Work task →
Copy word for word the lines of the records below, beginning at the one with "A xenomorph attacks" and finishing at the one with "Vuja De Logo", ends included, but none of the pictures.

Supplied data →
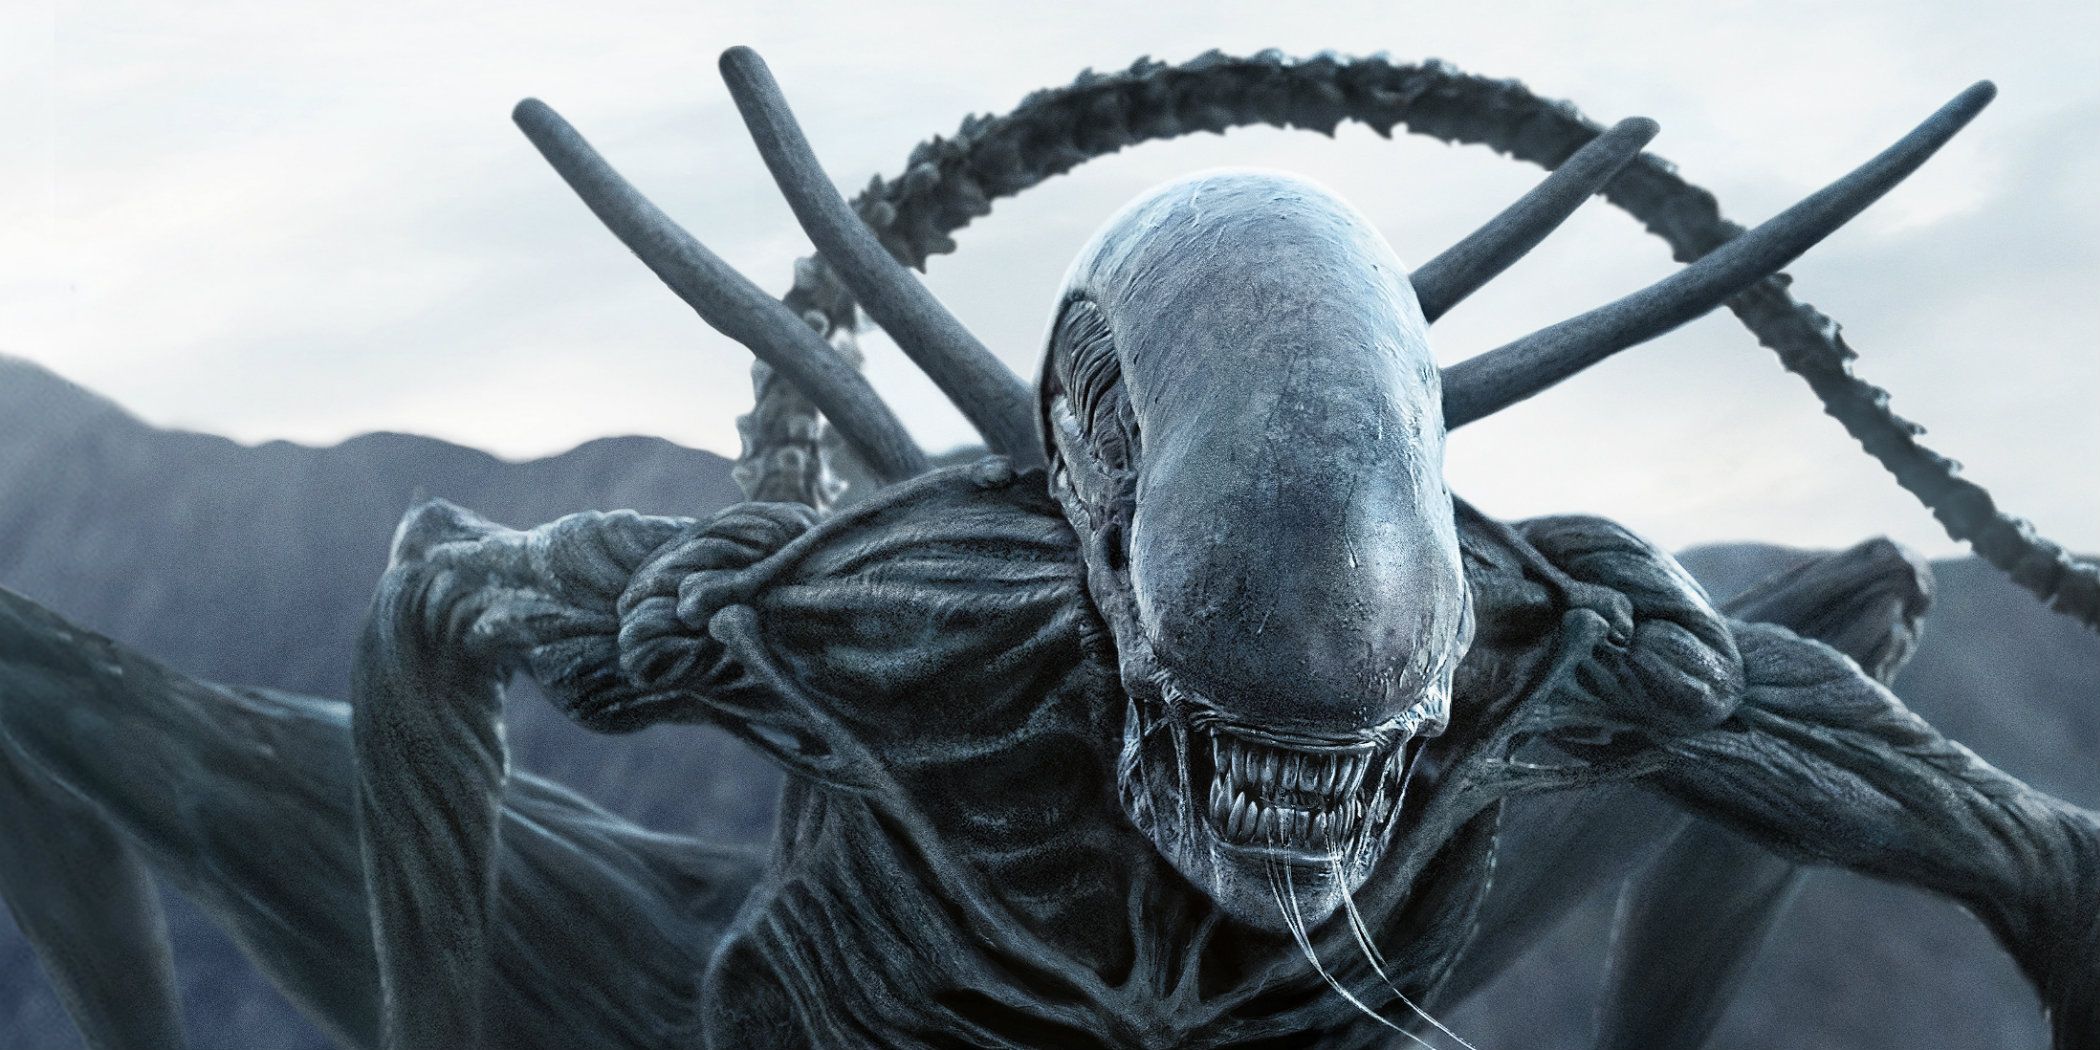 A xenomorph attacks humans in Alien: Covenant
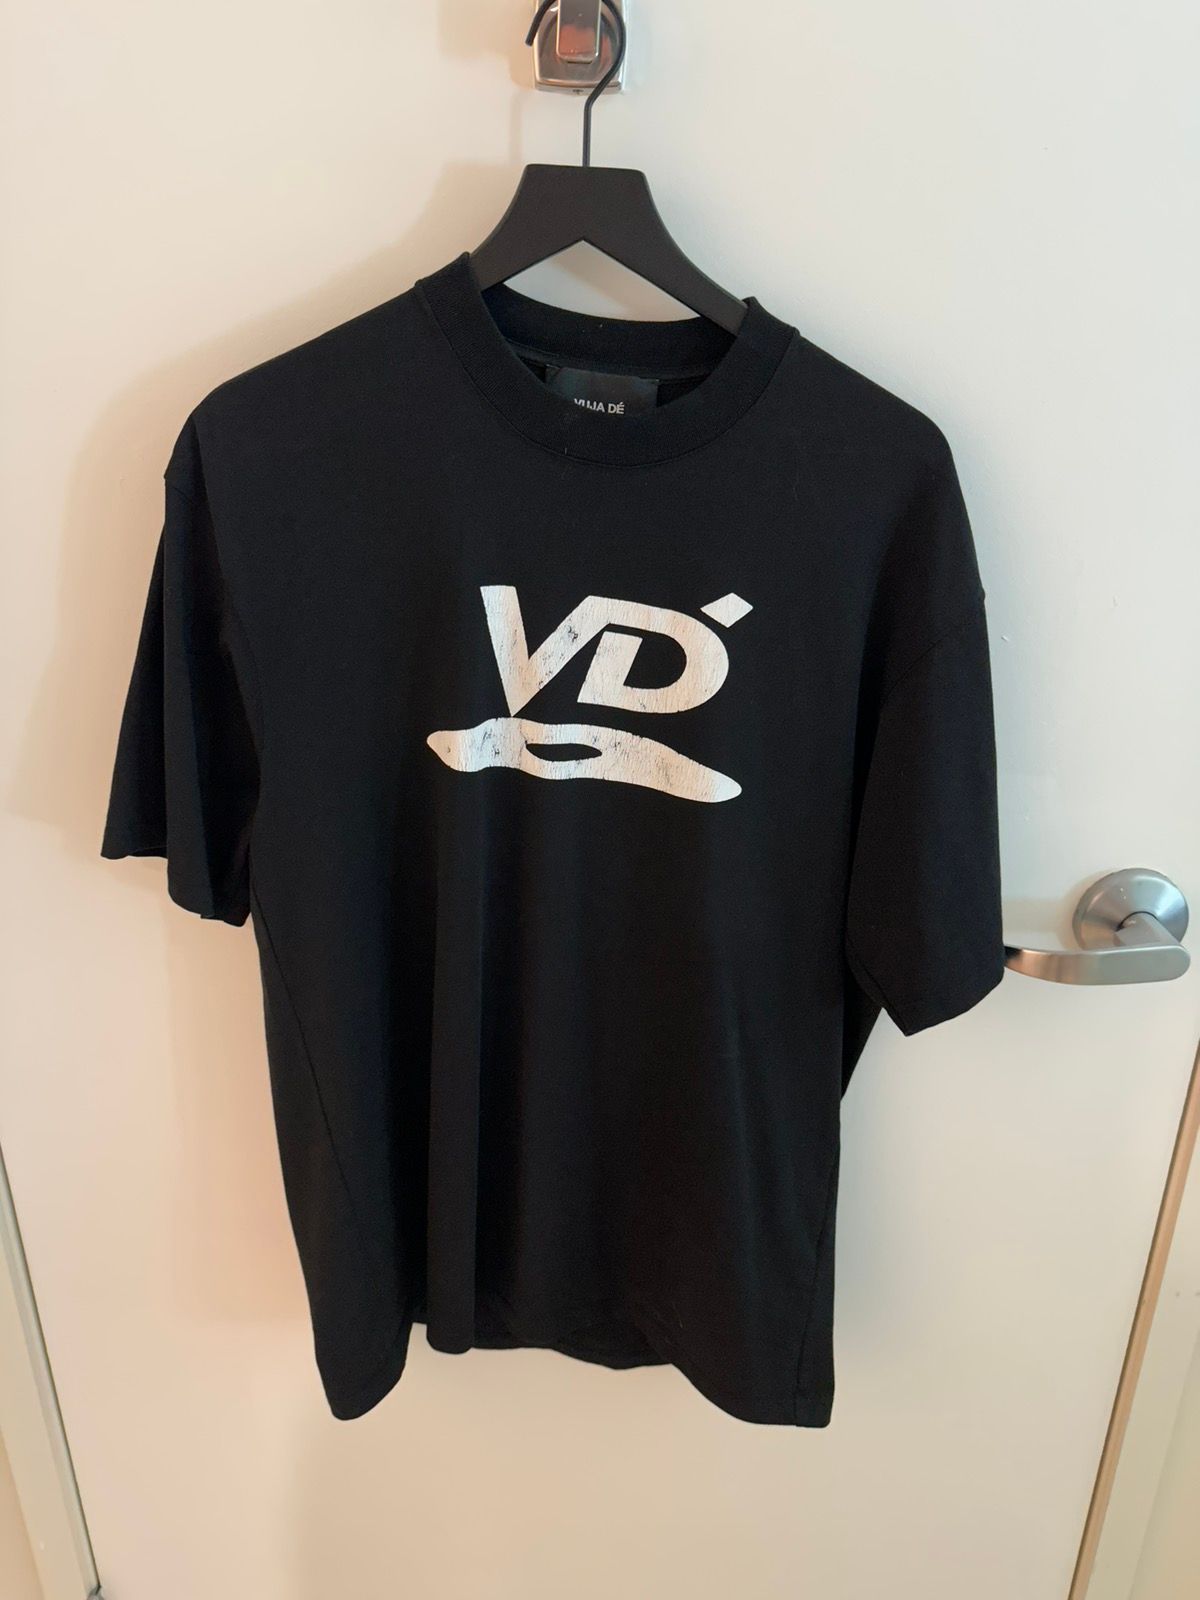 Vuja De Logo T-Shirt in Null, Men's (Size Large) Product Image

...

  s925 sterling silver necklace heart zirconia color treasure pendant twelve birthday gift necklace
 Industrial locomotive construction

* * *

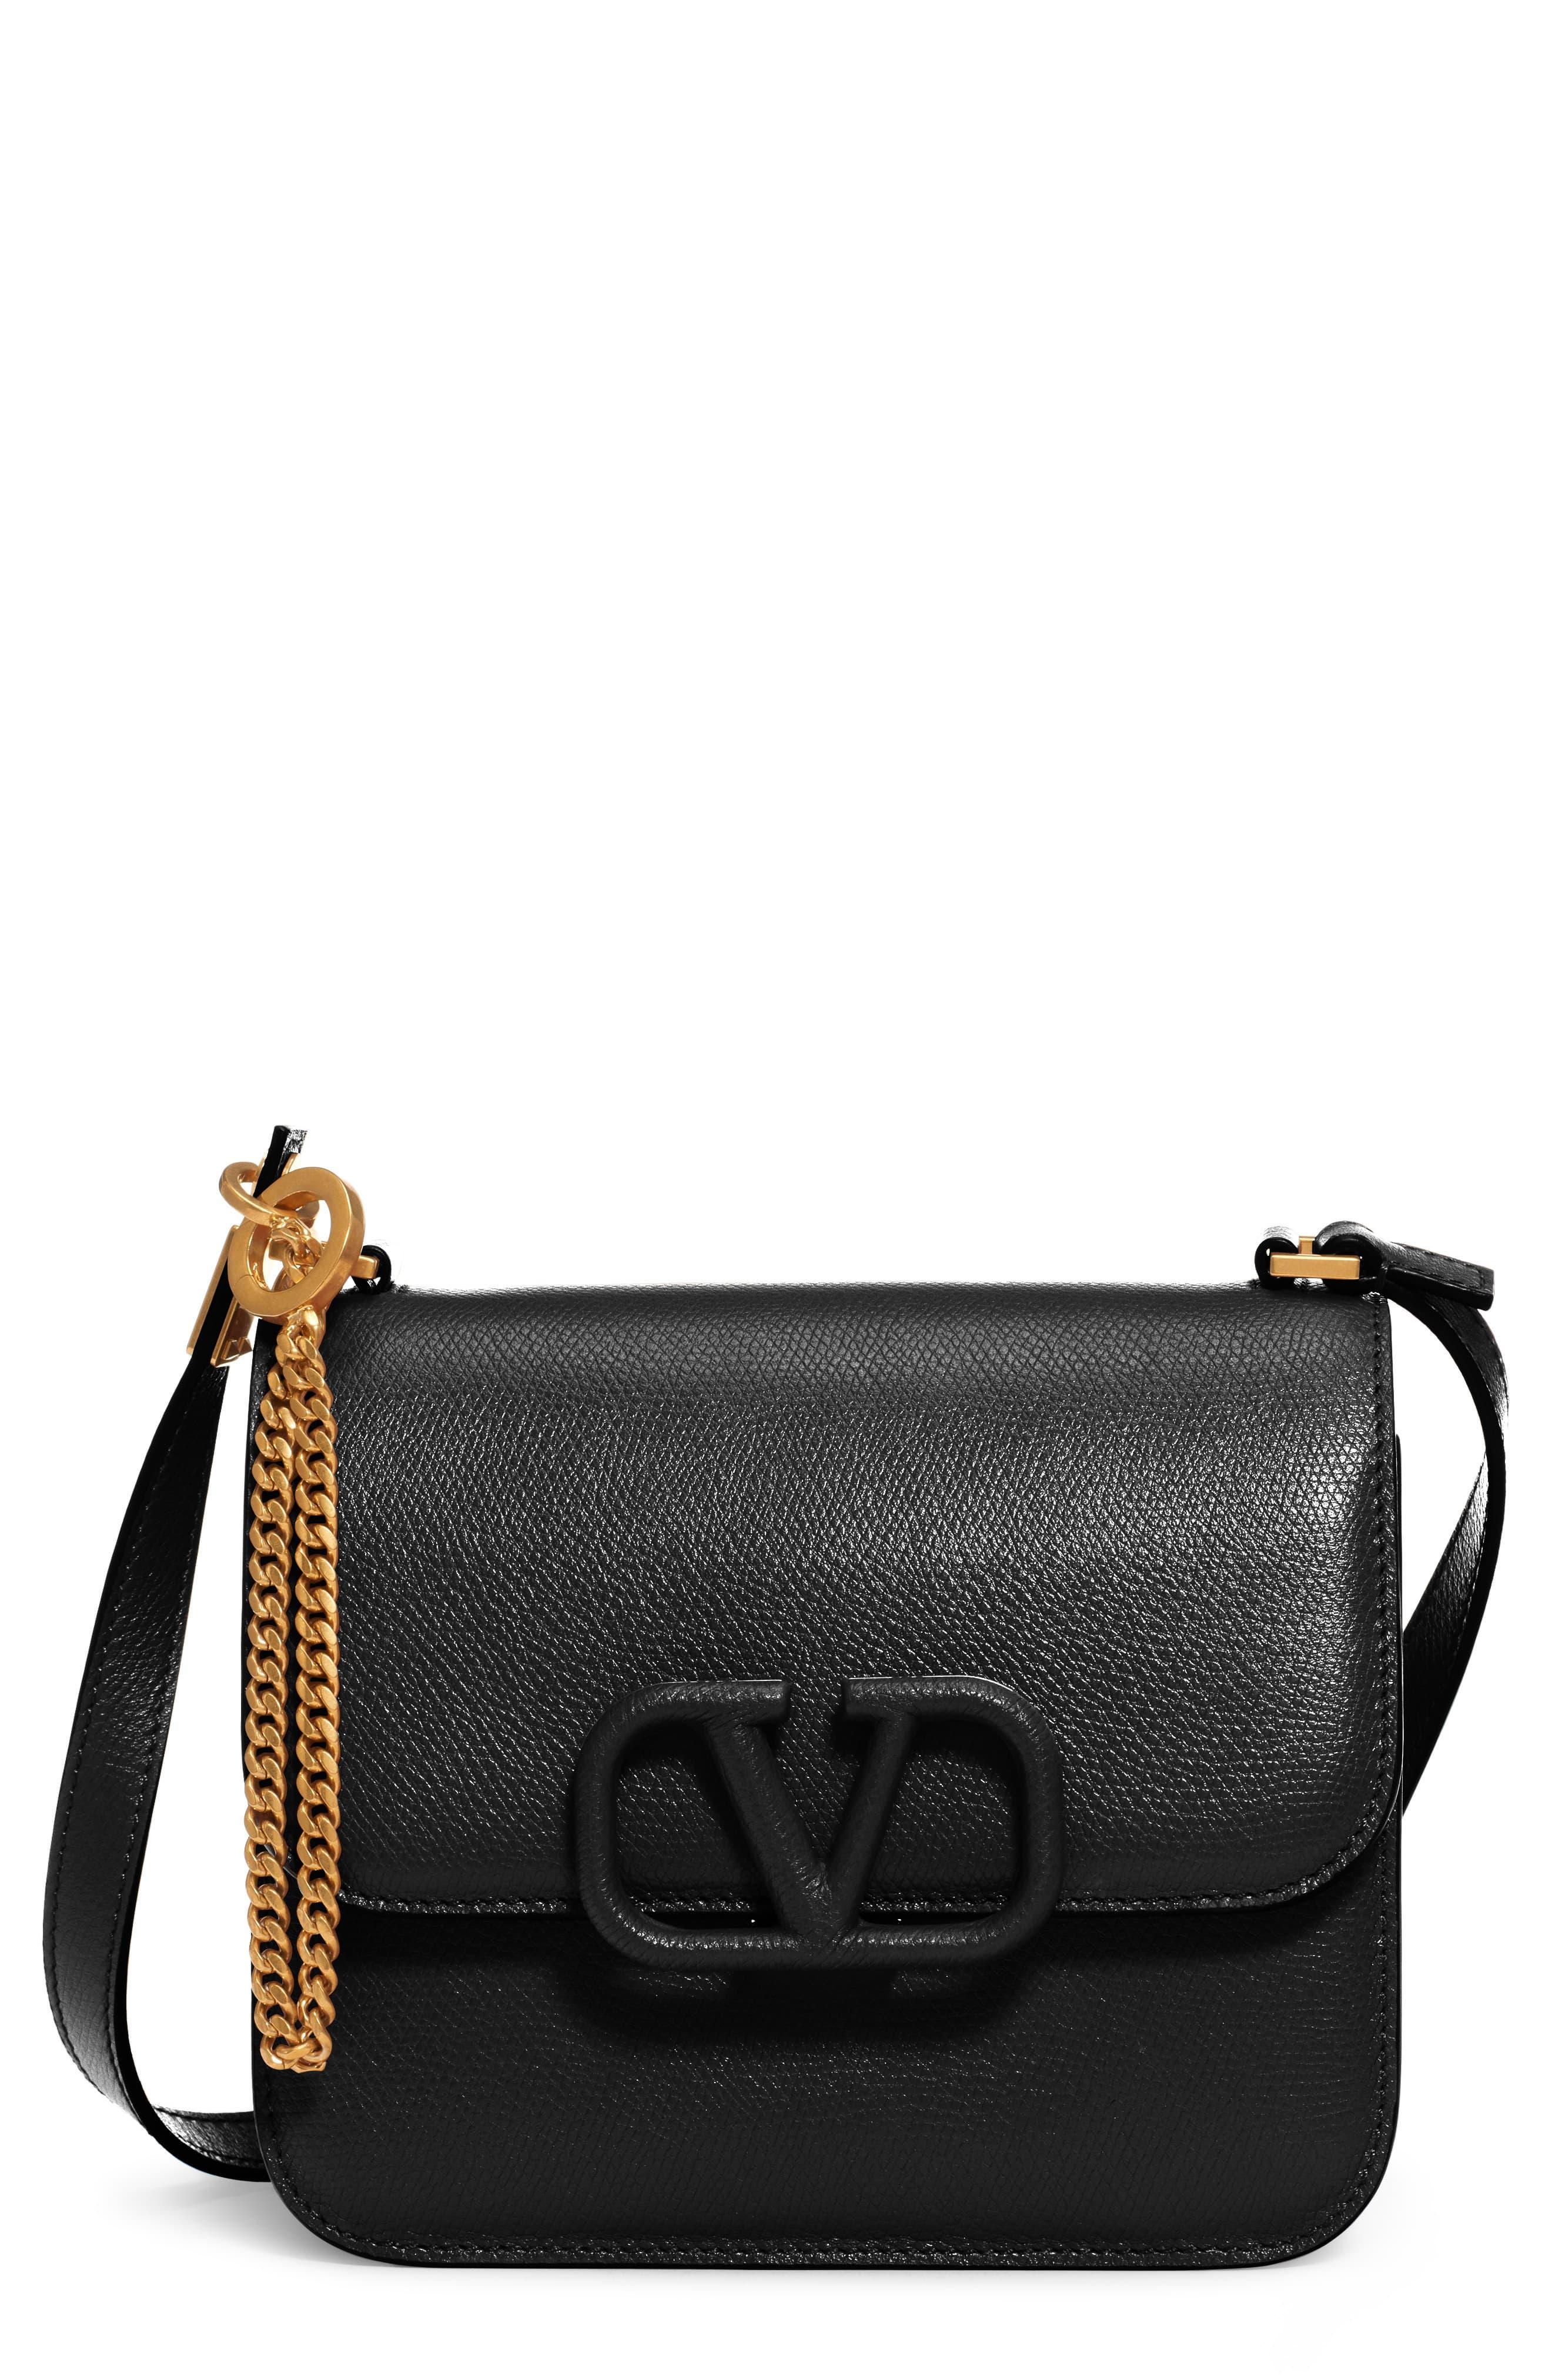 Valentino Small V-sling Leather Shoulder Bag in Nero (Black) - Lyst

Solution to the problem →
 A xenomorph attacks humans in Alien: Covenant
 Vuja De Logo T-Shirt in Null, Men's (Size Large) Product Image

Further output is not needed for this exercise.